Algorithms: shuffling items efficiently in \$ N \$ cubes using \$ O (N) \$ of space

I have come across a puzzle of challenging algorithms when trying to generate a large amount of test data. The problem is the following:

• We have $$N$$ cubes $$B_1$$ through $$B_N$$. Each bucket $$B_i$$ maps to a single Item $$a_i$$ and a tell $$k_i$$. In total, the collection keeps $$T = sum_1 ^ N {k_i}$$ articles. This is a more compact representation of a vector of $$T$$ articles where each $$a_i$$ is repeated $$k_i$$ times.

• We want to output a random list of $$T$$ articles, all equally probable permutations, using only $$O (N)$$ Space and minimum complexity time. (Assume a perfect RNG.)

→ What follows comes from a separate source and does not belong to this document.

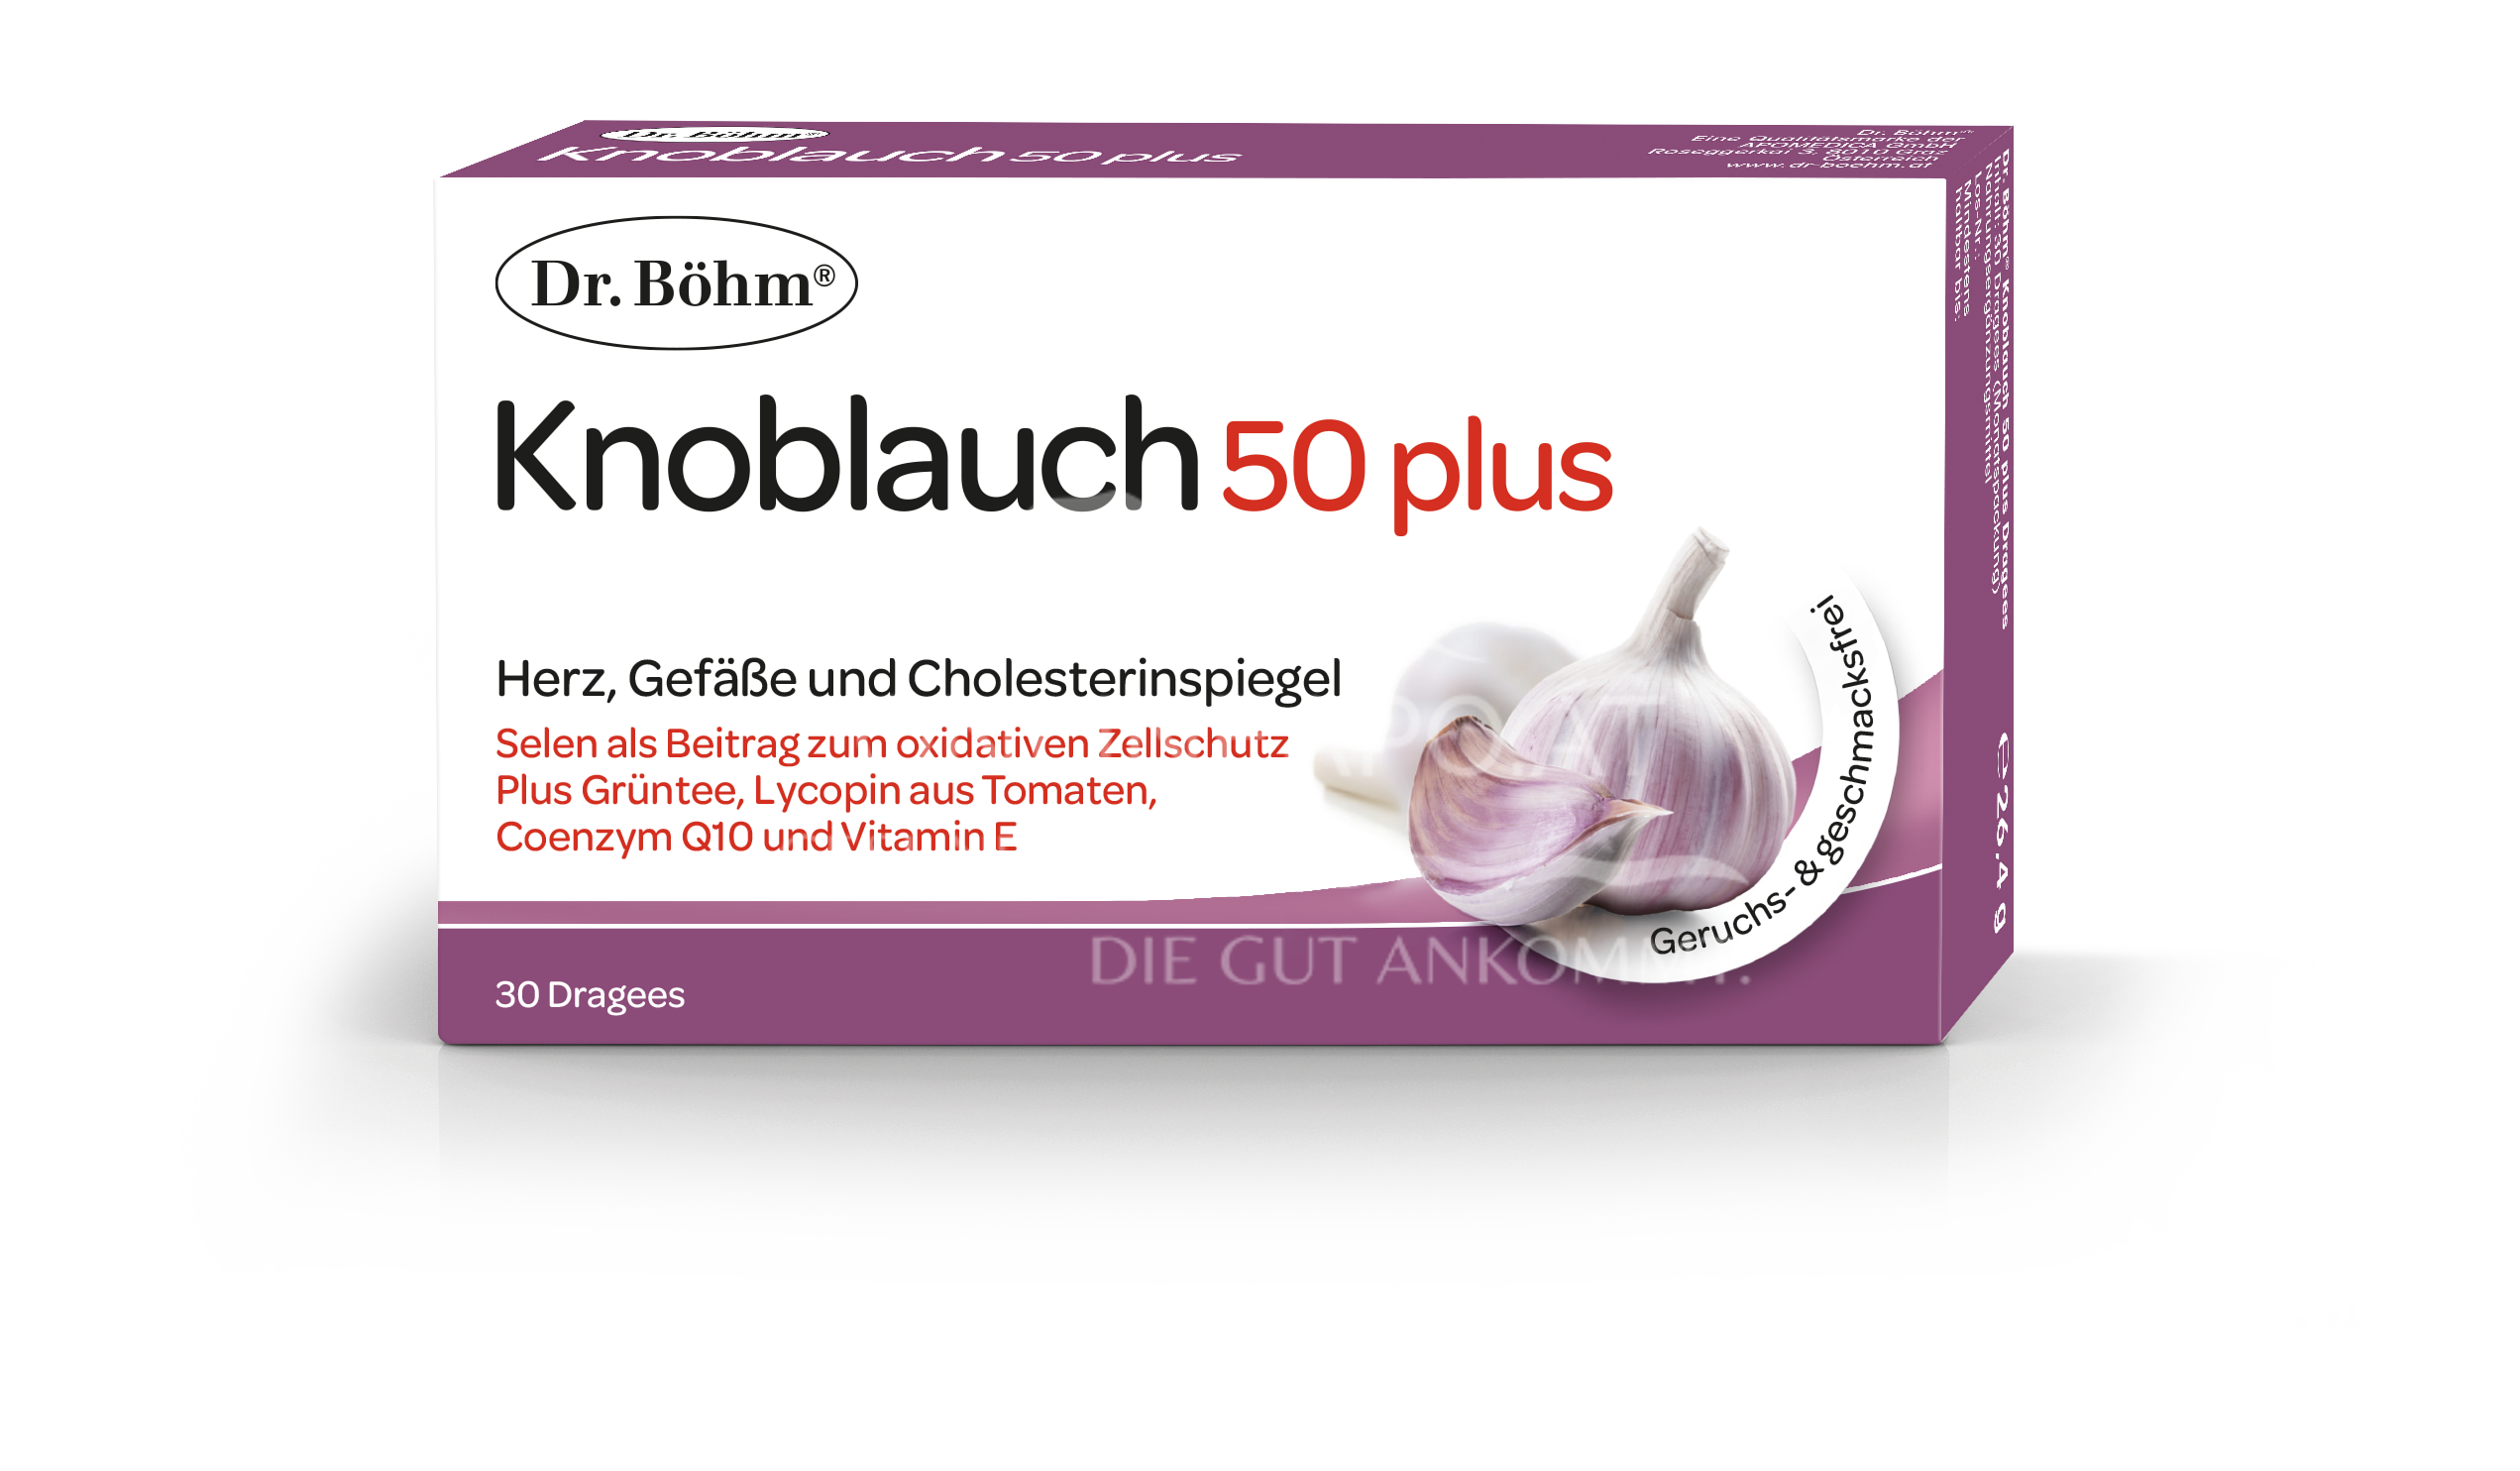 Dr. Böhm® Knoblauch 50 plus Dragees

• $$N$$ it's pretty big and $$T$$ it is much bigger; 5,000 and 5,000,000 in the problem that led me to this investigation.

Now clearly the complexity of time is at least $$O (T)$$ since we have to take out so many articles. But how close can we get to that lower limit? Some algorithms:

• Algorithm 1: Expand the cubes in a vector $$T$$ Articles and use of Fisher-Yates. This uses $$O (T)$$ time, but also $$O (T)$$ Space, we want to avoid.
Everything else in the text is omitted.